■ Given information:
++++++++++++++++++++

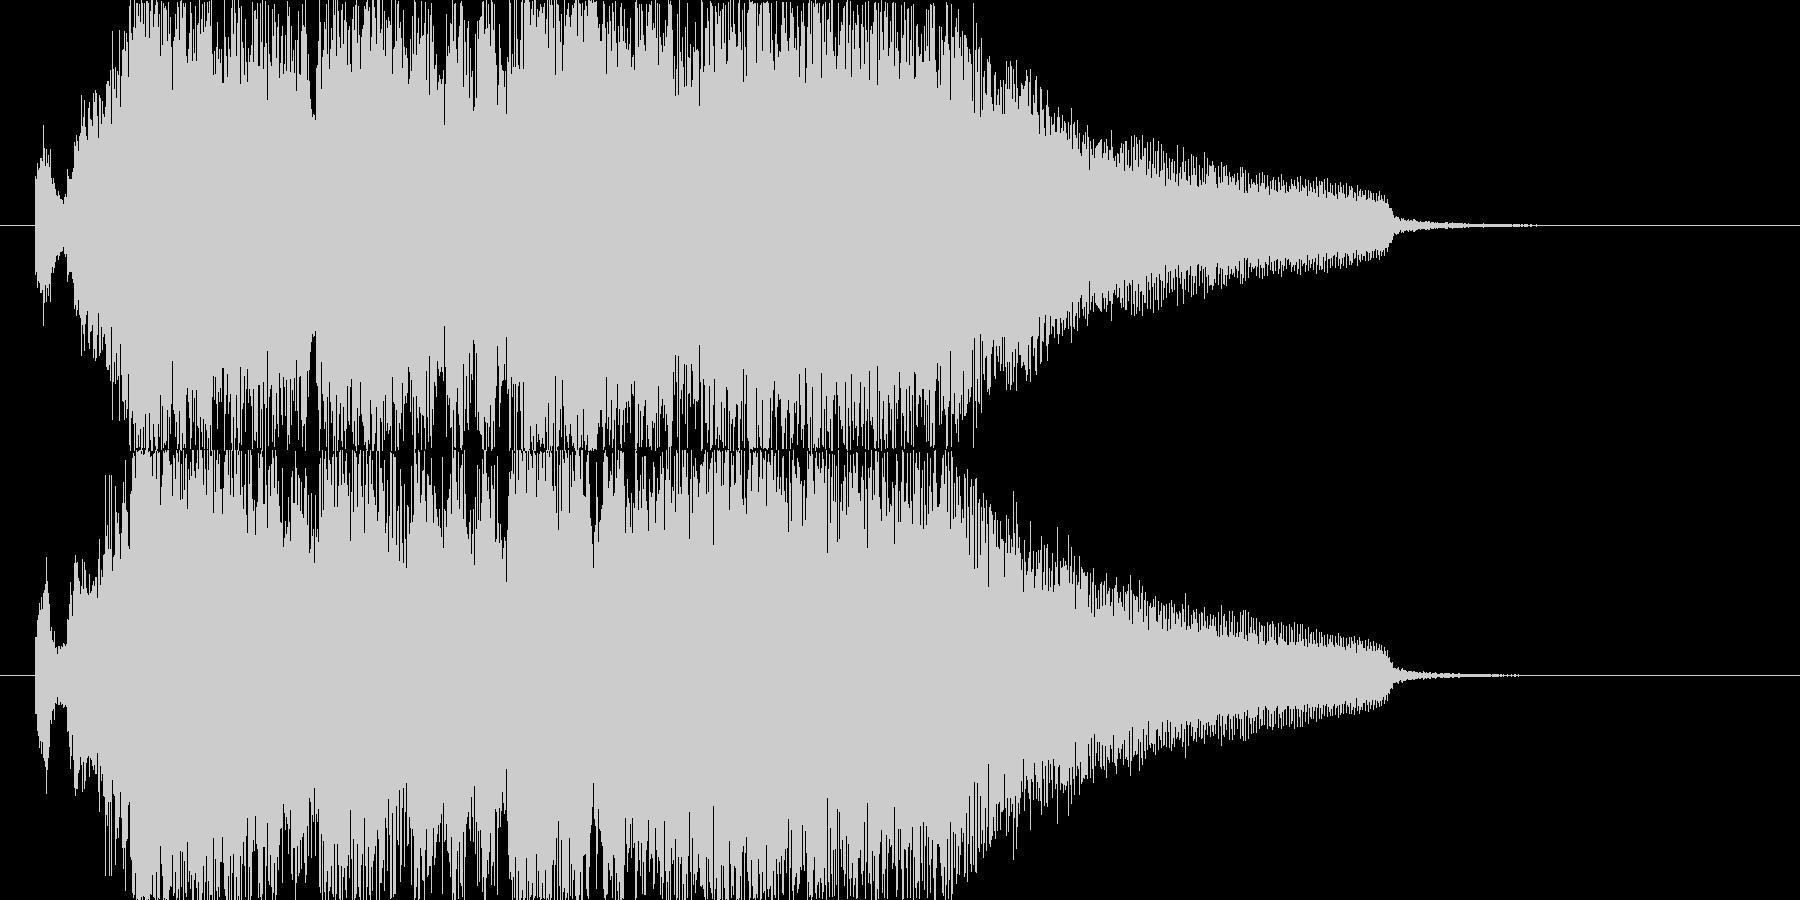 勝利のファンファーレ2の未再生の波形
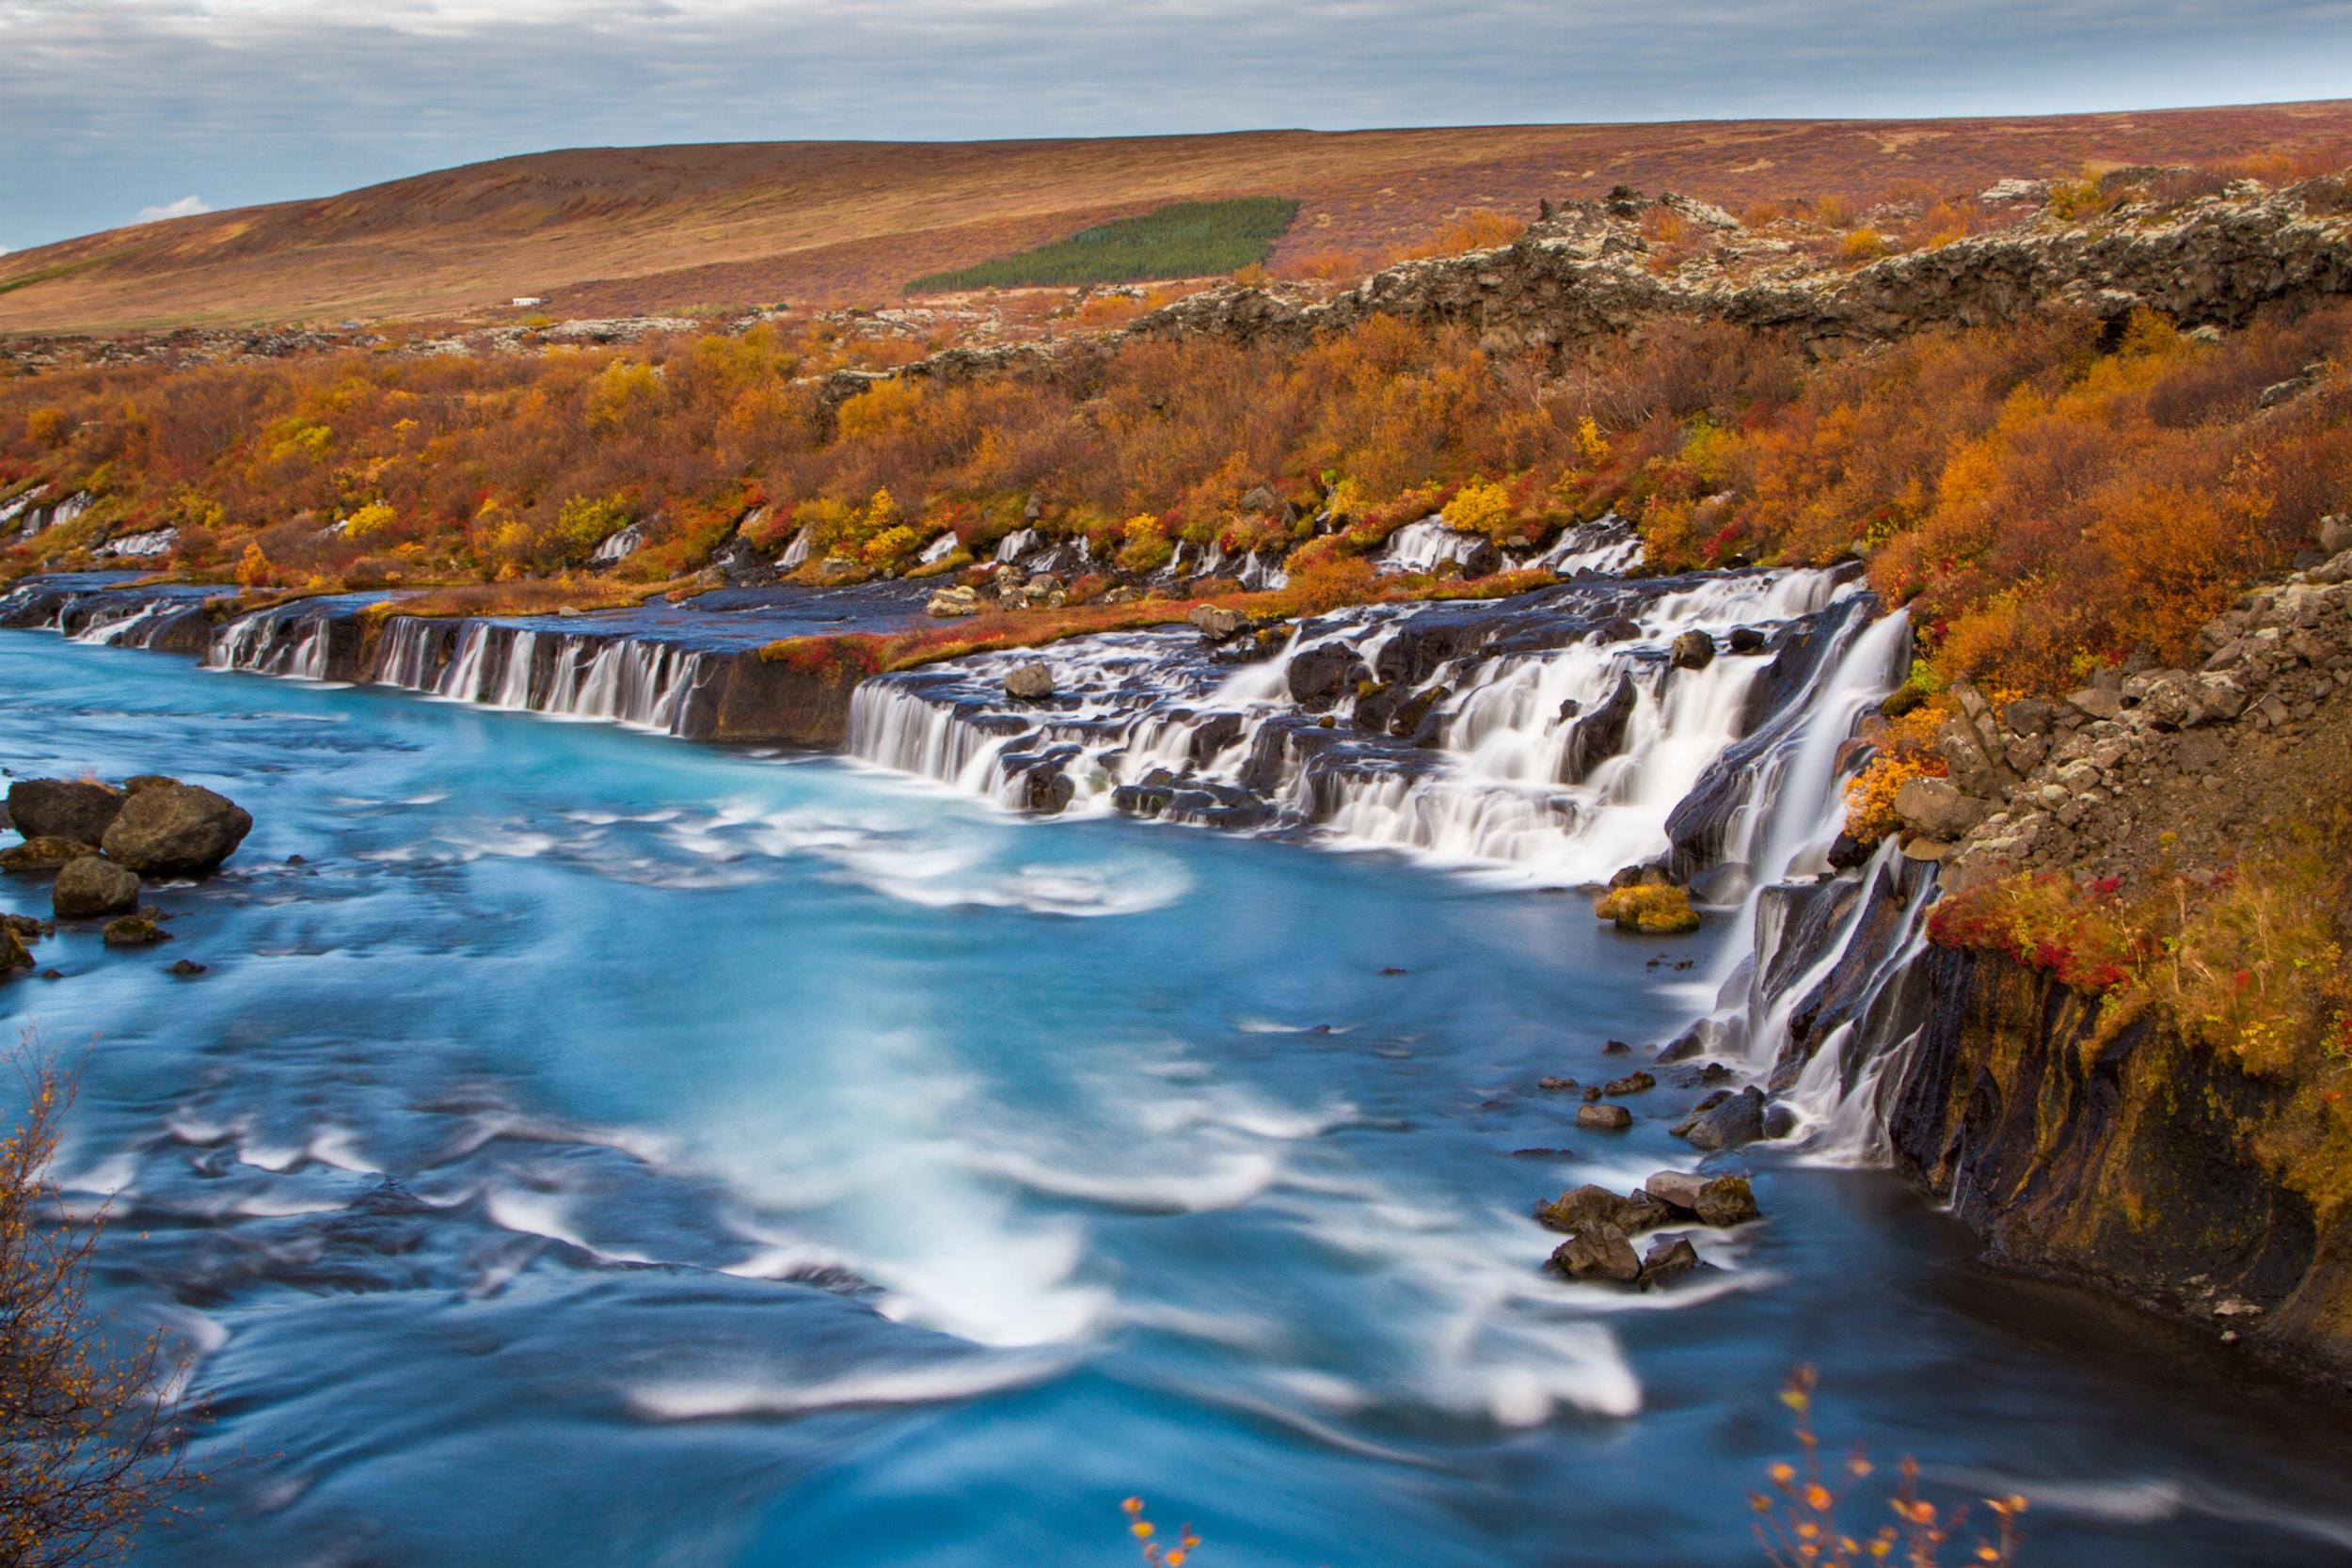 Las cataratas fluyendo en un impresionante río en el oeste de Islandia.
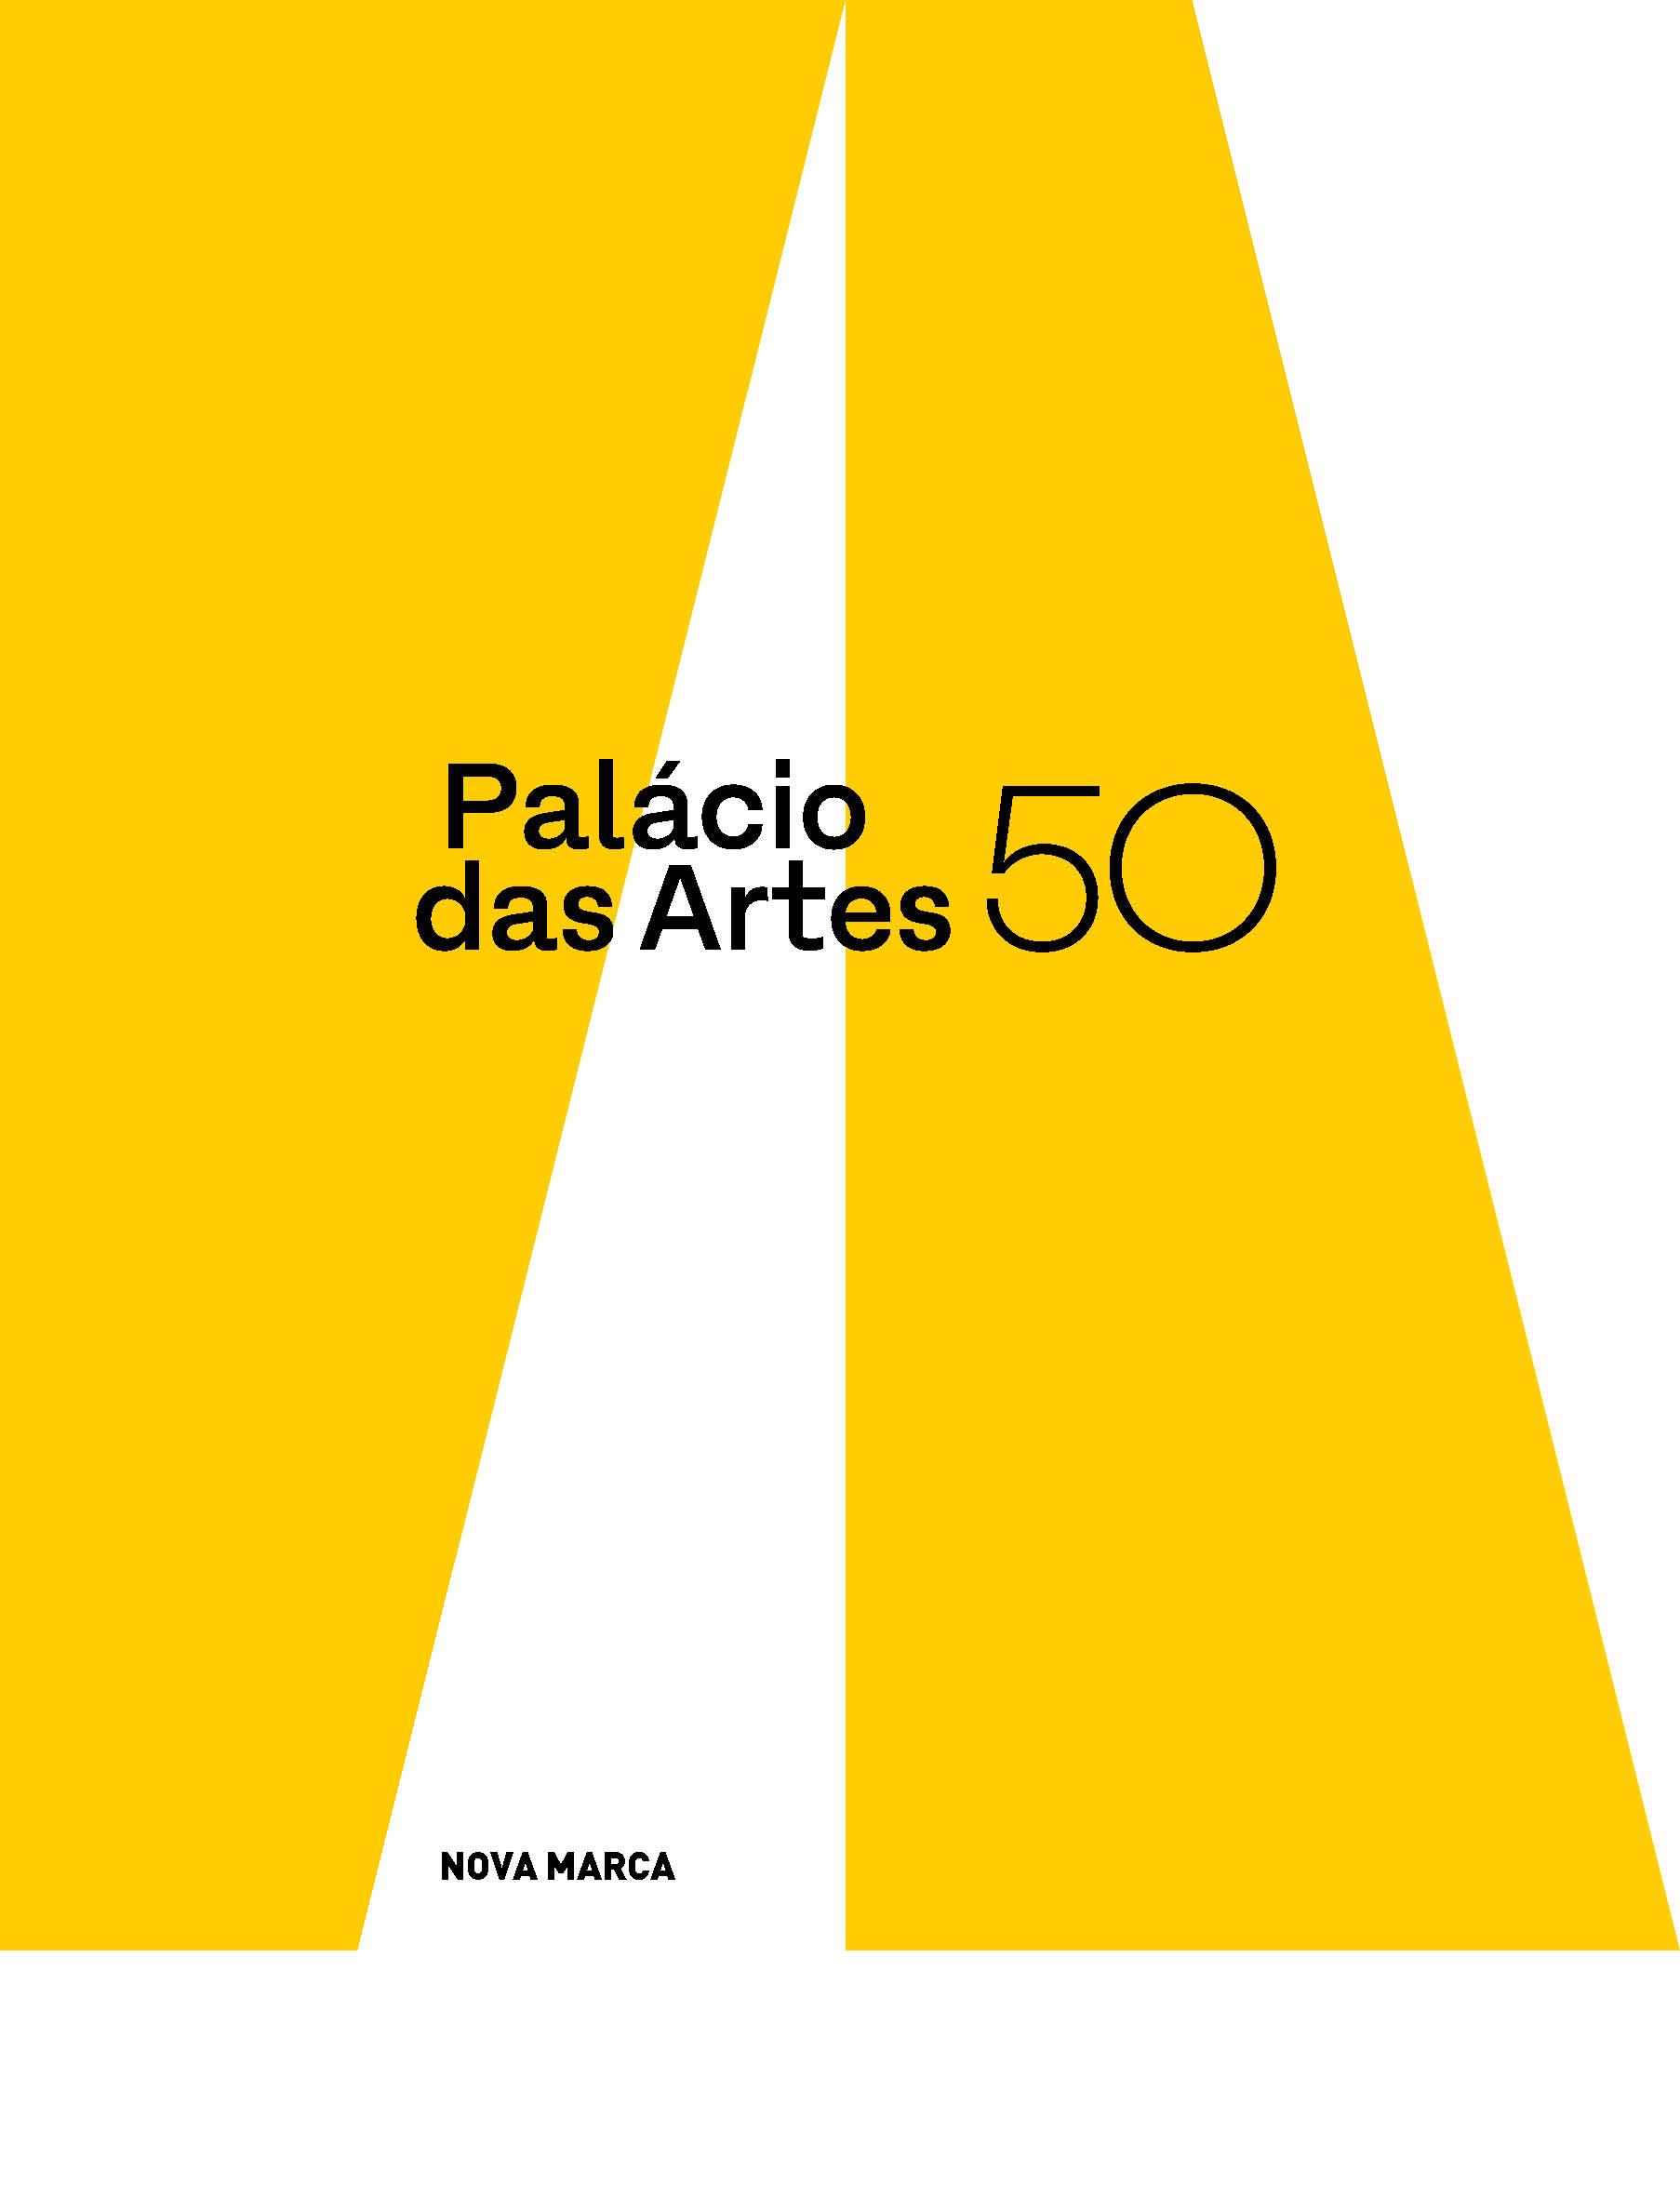 Evento: Palácio das Artes ganha marca criada pela Greco Design para comemorar seus 50 anos

++++++++++++++++++++

■ What needs to be done: From the line containing "Las cataratas fluyendo" down to the last line of the data above, transcribe exactly those lines and no others; omit the pictures.

■ Result for this task:
 Las cataratas fluyendo en un impresionante río en el oeste de Islandia.
 Evento: Palácio das Artes ganha marca criada pela Greco Design para comemorar seus 50 anos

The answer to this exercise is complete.